**WHAT YOU NEED TO DO**
Output exactly, and only, the stretch of lines beginning at the line with "Le banc d’essai" and ending at the last line of the listing below. Drop the pictures.

**DATASET SECTION**
= = = = = = =

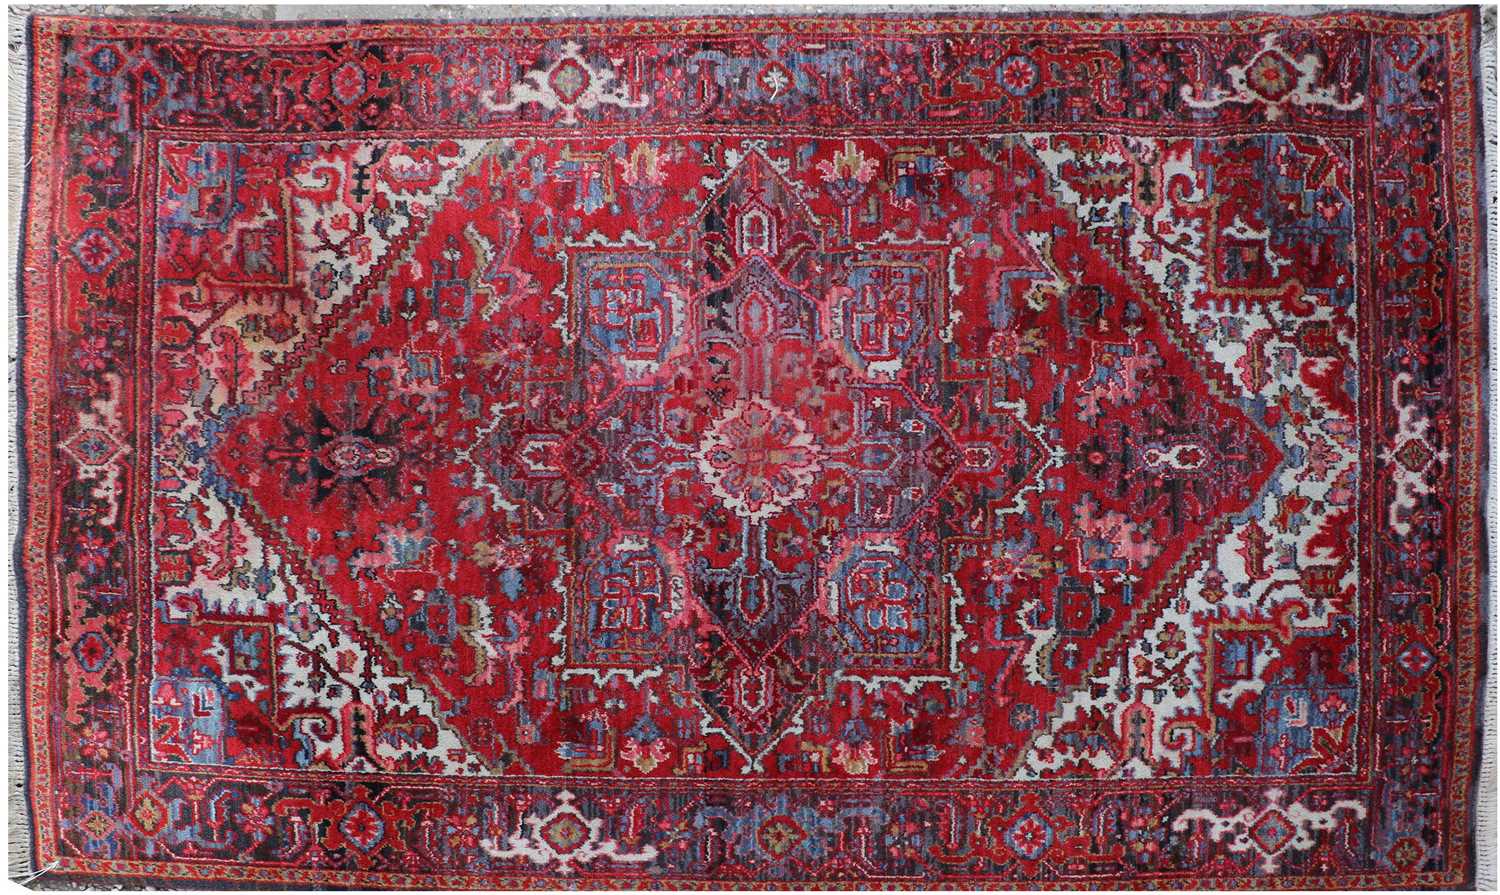 Lot 332 - An Oriental rug
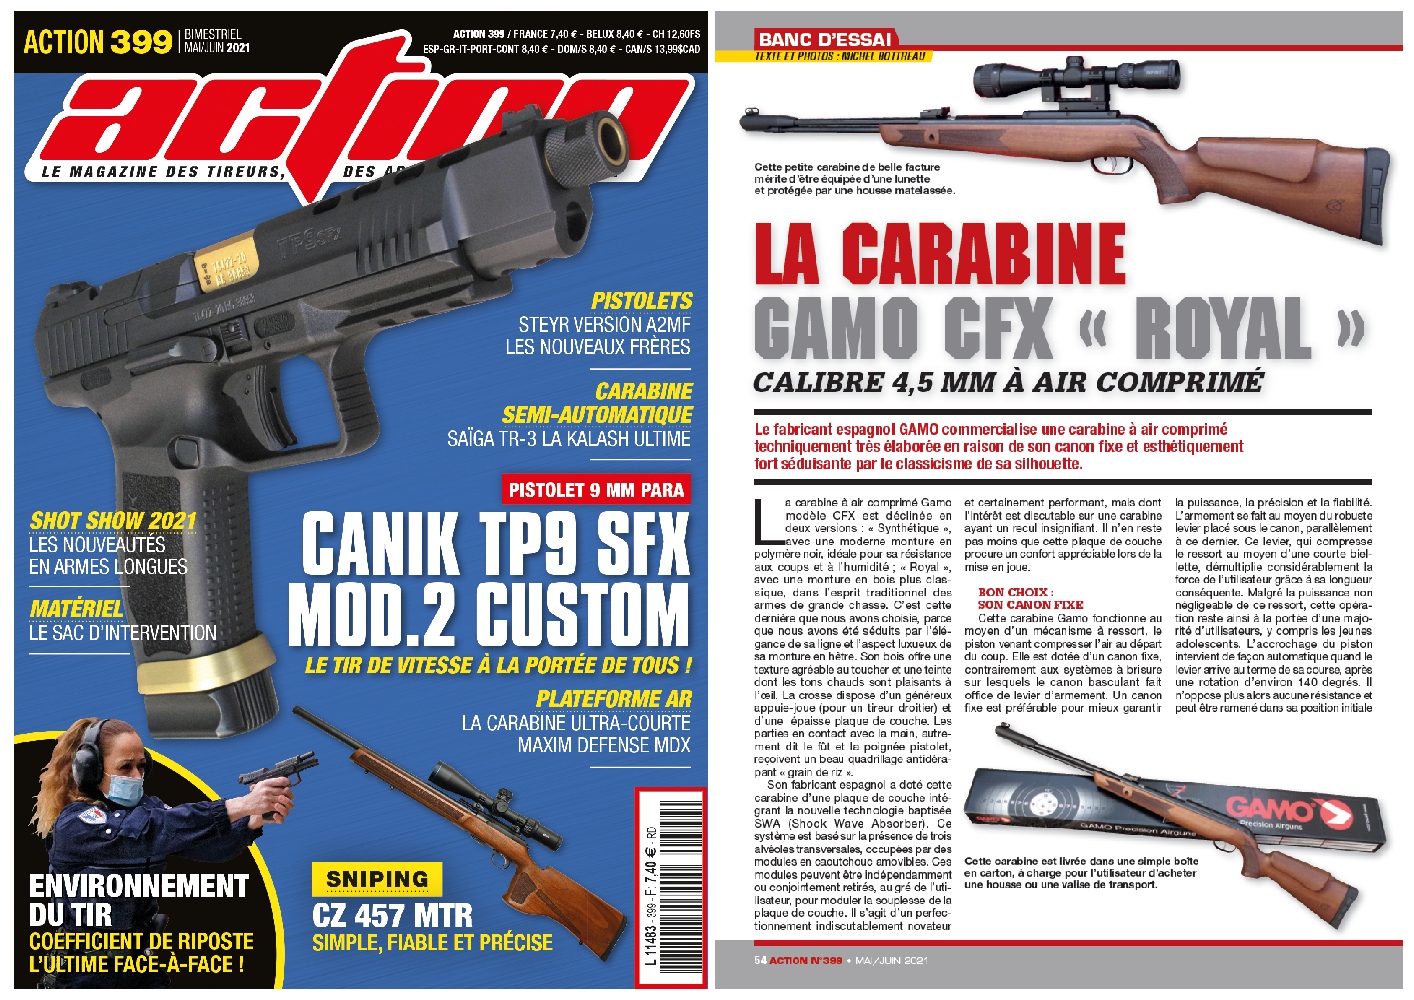 Le banc d’essai de la carabine à air comprimé Gamo CFX Royal a été publié sur 6 pages dans le magazine Action n°399 (mai-juin 2021). 
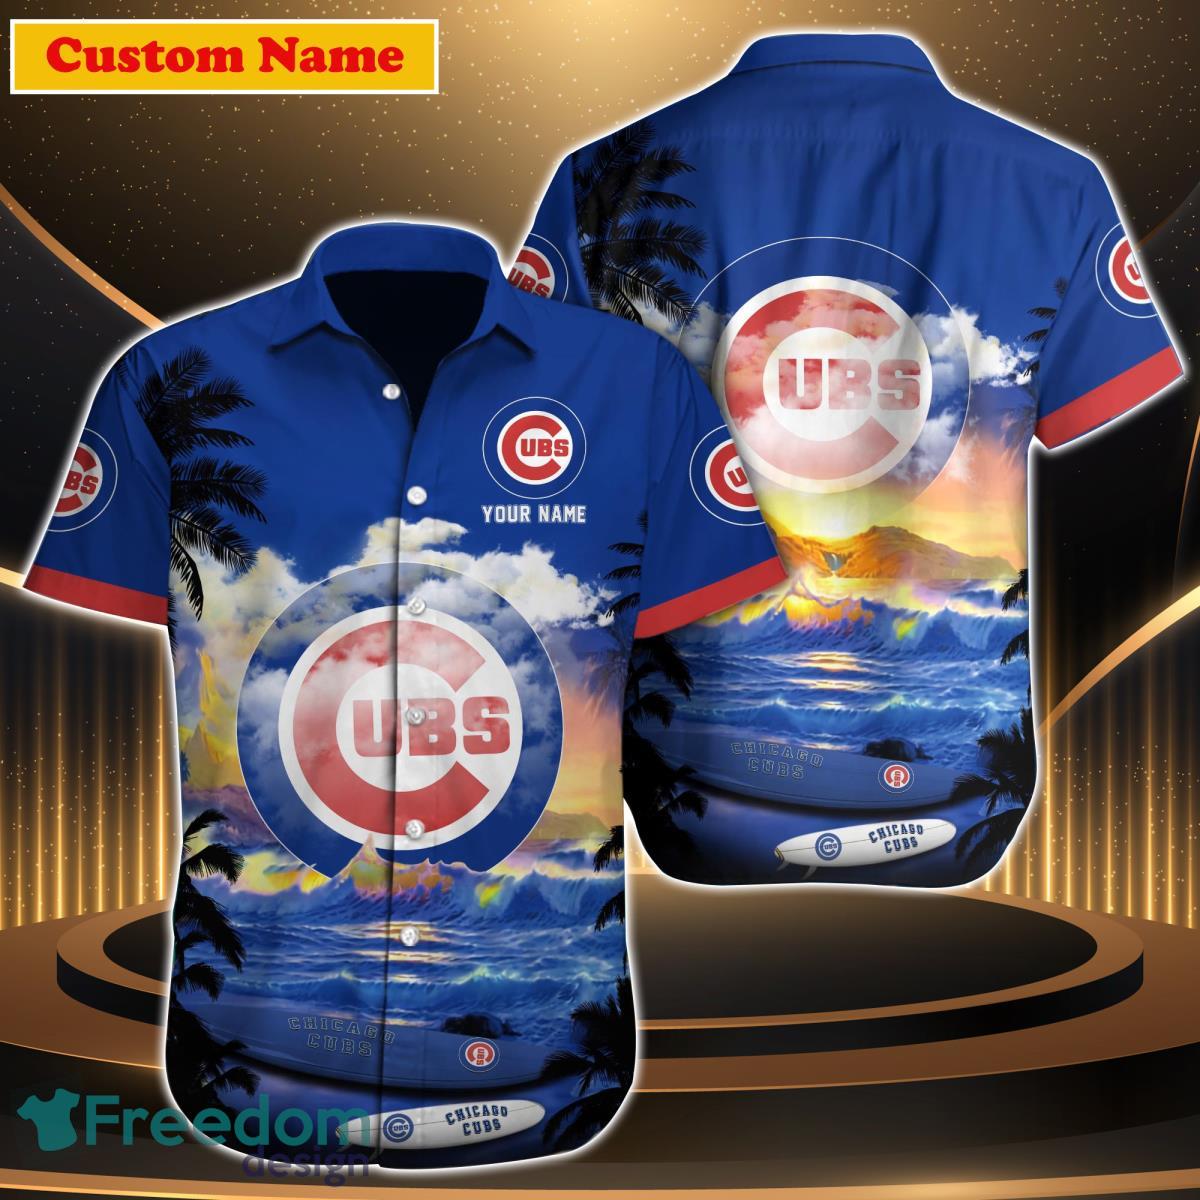 Chicago Cubs & Kiss Fans Hawaiian Shirt For Men Women - Freedomdesign

= = = = = = =

**ANSWER**
 Le banc d’essai de la carabine à air comprimé Gamo CFX Royal a été publié sur 6 pages dans le magazine Action n°399 (mai-juin 2021). 
 Chicago Cubs & Kiss Fans Hawaiian Shirt For Men Women - Freedomdesign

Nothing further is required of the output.